Each time a sensor is virtualized in our environment, its data schema is mapped to the concepts of the DO along with the STT dimensions. If all dimensions are specified and properly mapped on the Ontology concepts, we can consider the produced event stream consistent. However, we also accept data sources for which the consistency is not verified. Indeed, other operations can be applied on them to make them consistent. Whenever the user needs to create a data acquisition plan, she introduces in the canvas icons representing the sensors and the services for their manipulation. Whenever the graph corresponding to the current dataflow is sound according to our definition, the consistency is checked starting from the data sources and moving toward the final node that collects the output data stream. For each node of the graph, new instances can be introduced in the DO (when required) in order to maintain their description at the Ontological level. Specifically, the services filter, cull-time/space do not modify the data model and then the Ontology Instances are left unchanged. By contrast, for the other services (transform, enrich, virtualProperty, aggregation, union, join, convert and trigger) it is necessary to apply a set of instructions for modifying the Ontology Instances according to the service specification. For their proper handling, a virtual sensor is introduced whose properties depend on the applied operator and on the input streams. The virtual sensor is obtained in two steps. First, the incoming sensor is cloned and renamed. Then, the cloned instance and its links are modified to comply with the operator specification.

If the initial dataflow is consistent, since each service adds or clones existing instances or associations, these services do not jeopardize the consistency with respect to the DO. This is guaranteed by the fact that, if one of the services of enrich, virtualProperty and transform creates an instance of a class not foreseen in the DO, the service fails to modify the Ontology. In the other cases, the application of the services aggregation, join, trigger, union, convert does not affect the consistency of the Ontology because they only add new associations or instances of existing classes. However, if the initial consistency of the sources is not verified, it can become consistent after the application of other operations.
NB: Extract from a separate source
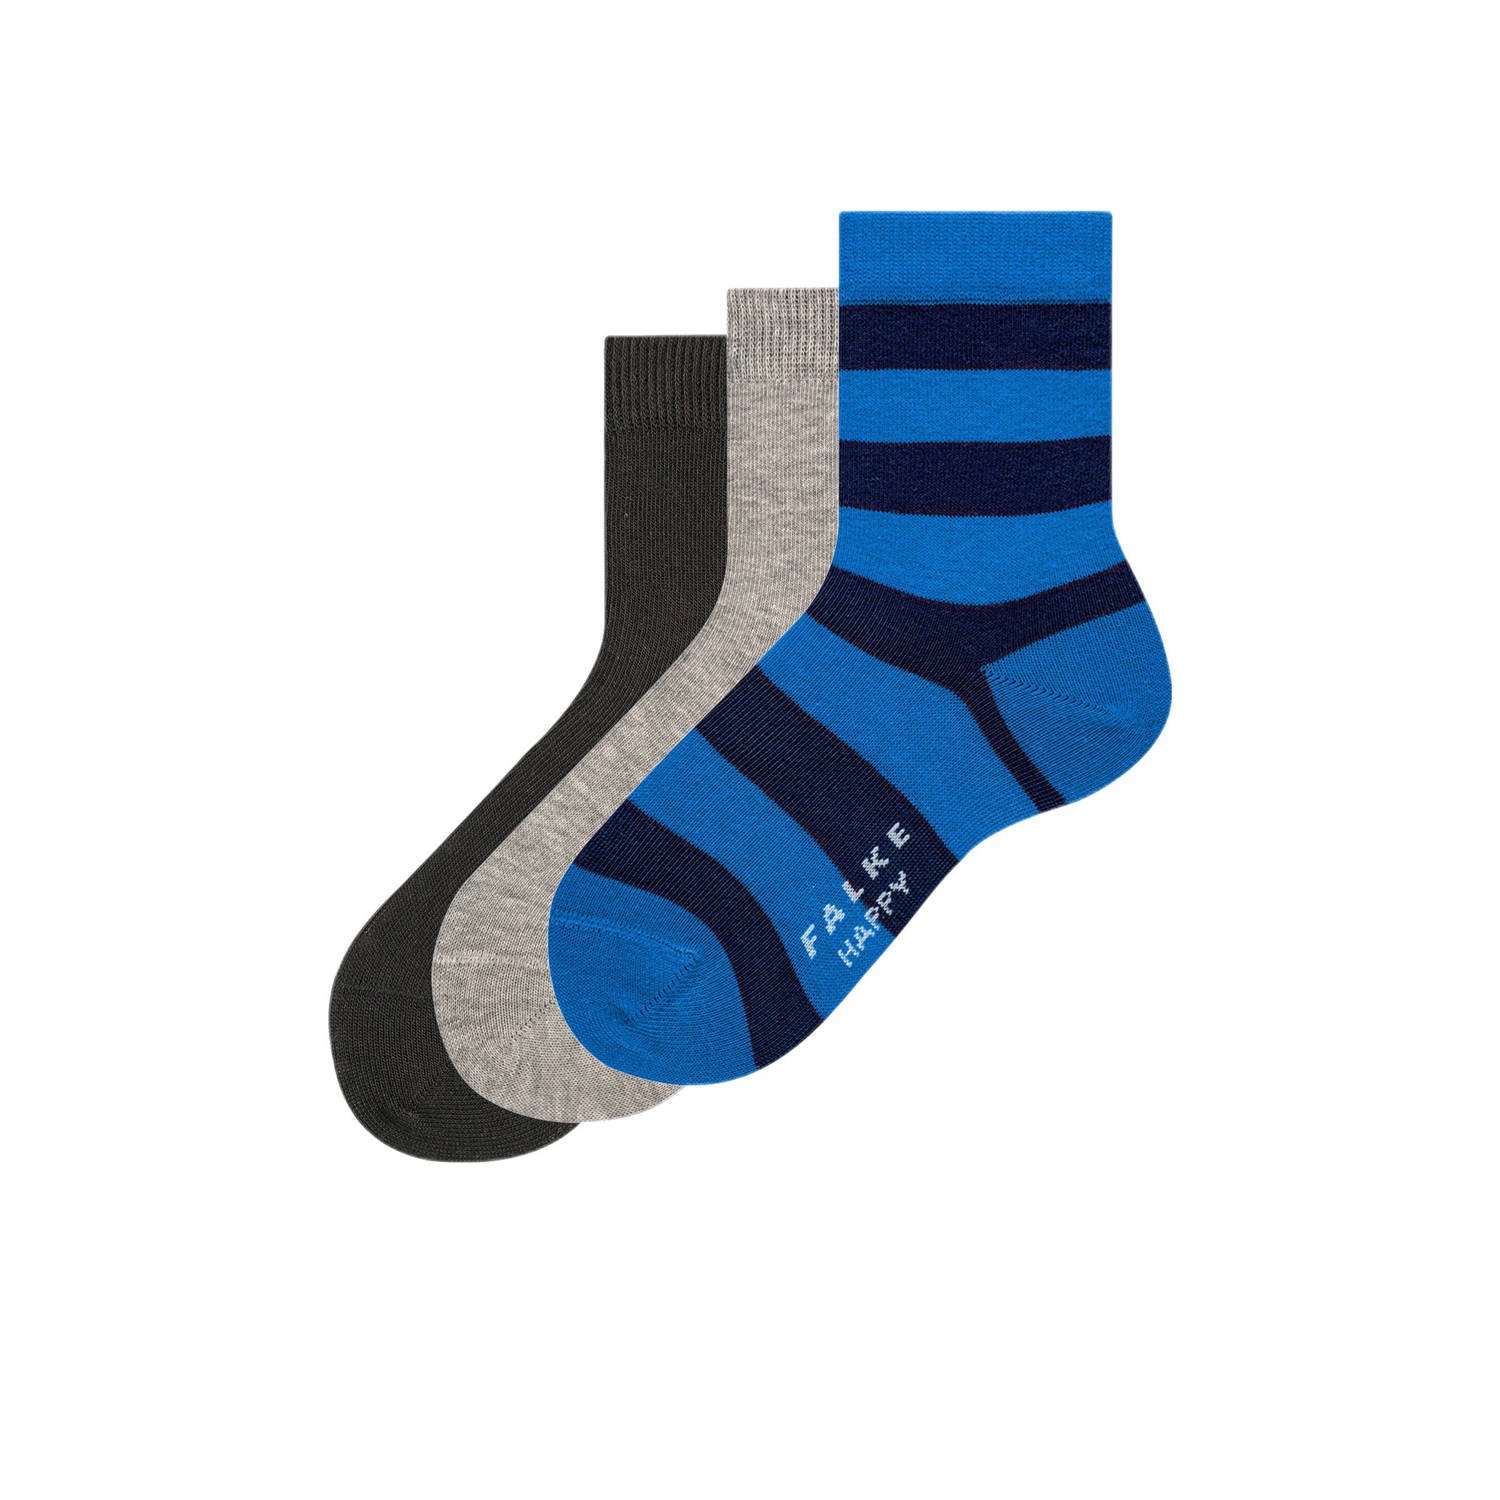 Falke sokken set van 3 blauw grijs Katoen All over print 27-30

In Fig. 1, a * denotes that a service is consistent w.r.t. the DO. The dataflow is consistent even if some of the nodes of the graph are not consistent.

4 Conclusions

In this paper we discussed the concepts of sound and consistent specification of data acquisition plans for streams of sensor data. Once the dataflow is specified it is executed on a distributed system during the transfer of the data from the sources to the destination [2]. In the poster we will provide an overview of the StreamLoader architecture and the adopted data model. Then, we will present the adopted services with their meaning and constraints. Finally we will discuss examples of data acquisition plans that are only sound or sound and consistent with respect to a given DO in the context of meteorology. Future works aim at studying ontology-based approaches supporting stream reasoning. The idea is to help domain experts in detecting possible operators to apply in StreamLoader for enriching inconsistent sensor data specifications. In this way we can use our DO for providing explicit semantics for events but at the same time, for reasoning on the correctness of semantic integrations and extensions.